Just wanted to say how excited I am. I am on vacation before school startes back, so I went back home to visit my parents and brought hyde with me. Was a bit nervious about the long dive, but he did really well.. made a day trip so we would sleep most the time.

But, when i descided to get him, my parents didnt really back me. Since im 22 they couldnt stop me.. but they wernt really for it. 
So my father got to meet Hyde for the first time this evening. Hyde uncurled and let my dad pet him.. and my dad fell in love with my little boy.. Had me set his play pen up so he could watch him. Hyde just went about his normal evening antics. IM SOOOO HAPPY, cause hyde won daddy over to the hedgies.. He is currently running around in his play pen while I work on the computer

But yeah.. His quilling is going well too.. he is a little grumpier than he was right when i got him, but he still loves to be petted and handled.
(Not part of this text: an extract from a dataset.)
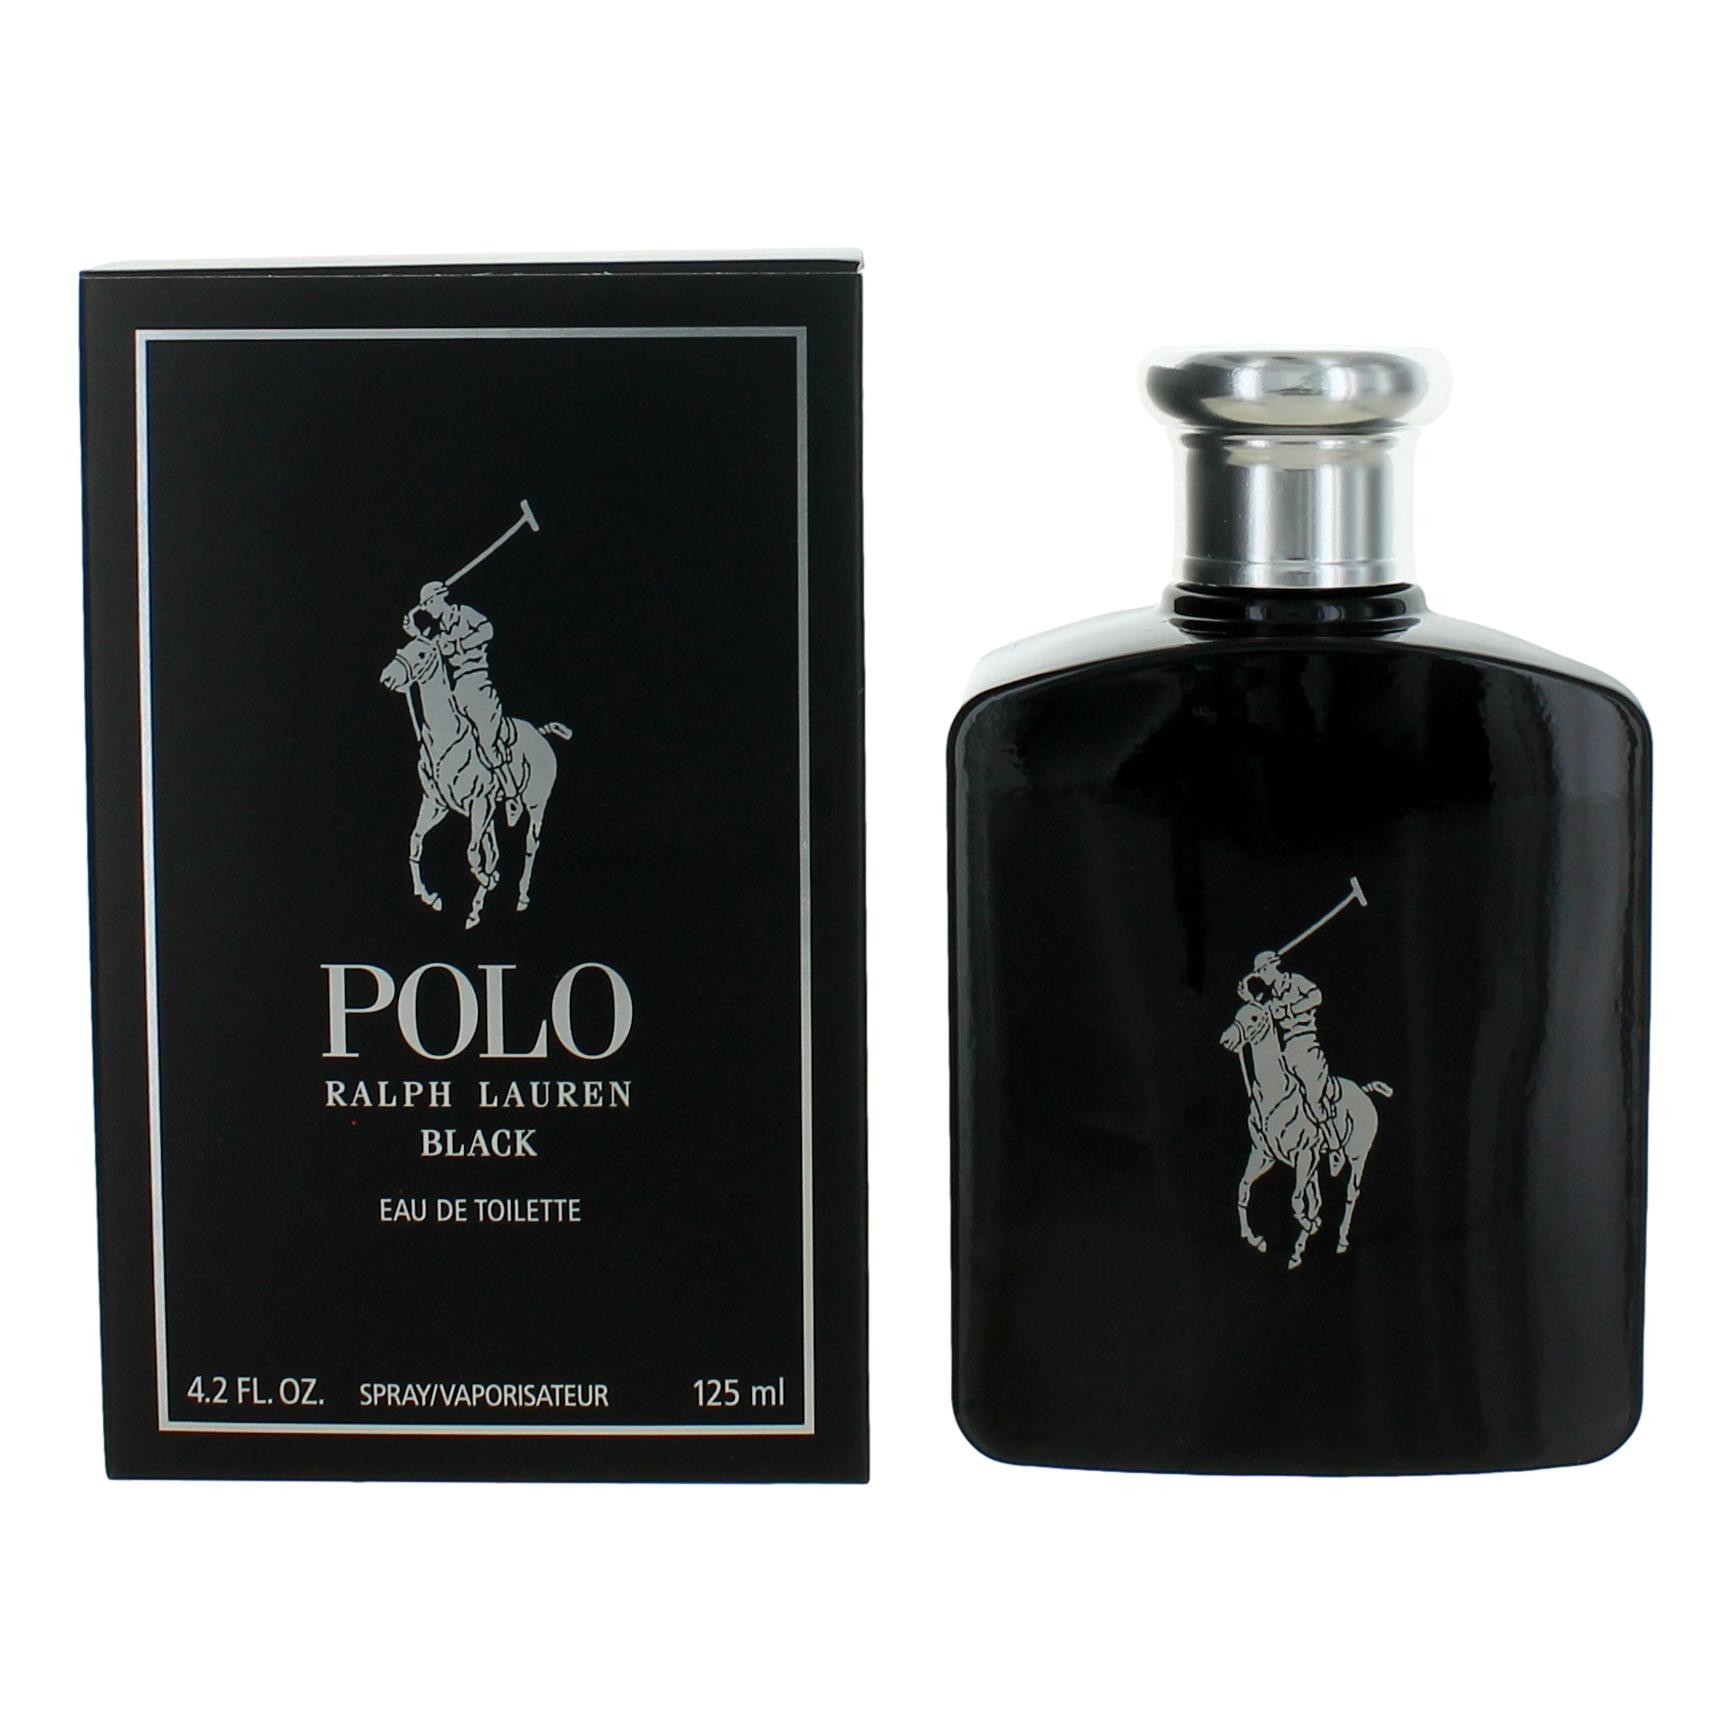 Polo Black by Ralph Lauren 4.2 oz Eau De Toilette Spray for Men
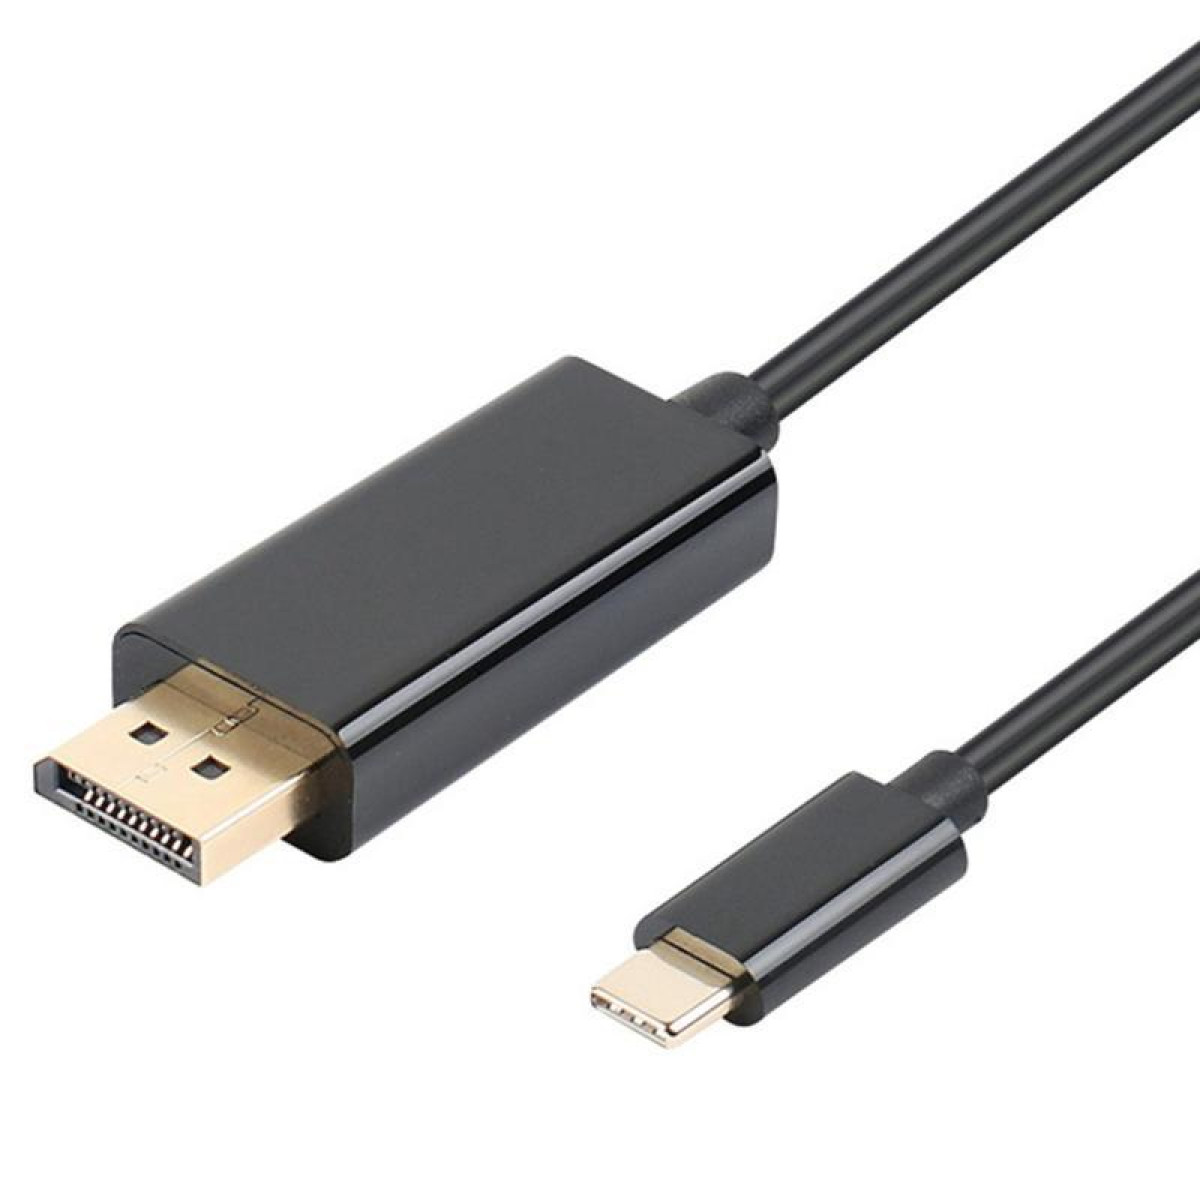 INF USB-C zu 4K Adapter USB-C (1,8 (DP) DisplayPort schwarz, kabel m)

AND he got his first nail clipping, and he was a little upset at first.. but after the first clip or two he just set down and let me do the rest. Managed not to clip to far on them, so no bleeding: I was happy for that, and he got a little bite of chicked as a treat.. he REALLY liked it.. (he also tried carrot the other day, isnt quite sure of that one)

ok I think that all the updates on my little boy.. Im a very happy hedgy slave. so happy that I got my little boy


----------



## LizardGirl (Aug 25, 2008)

Glad to hear your dad approves of little Hyde. (how could anyone not? :lol: )


----------



## Tasha (Feb 24, 2009)

I don't know anyone who isn't won over by a cute hedgie face!  

Glad he's been welcomed into the family.

Mines a little grump but everyone still falls in love when they see him.


----------



## raisinsushi (Jun 13, 2009)

Haha same thing happened with my parents, they were like eh, we dont want you to get another pet, until they met a hedgie, they love the cuteness


----------



## christine. (Jun 15, 2009)

My parents hated the fact that i was getting one, until i took her out and she was wondering around on my bed for the first time and they both wanted to watch her and try to touch her lol


----------



## shetland (Sep 2, 2008)

What a wonderful hedgie story!!!!!!!!!


----------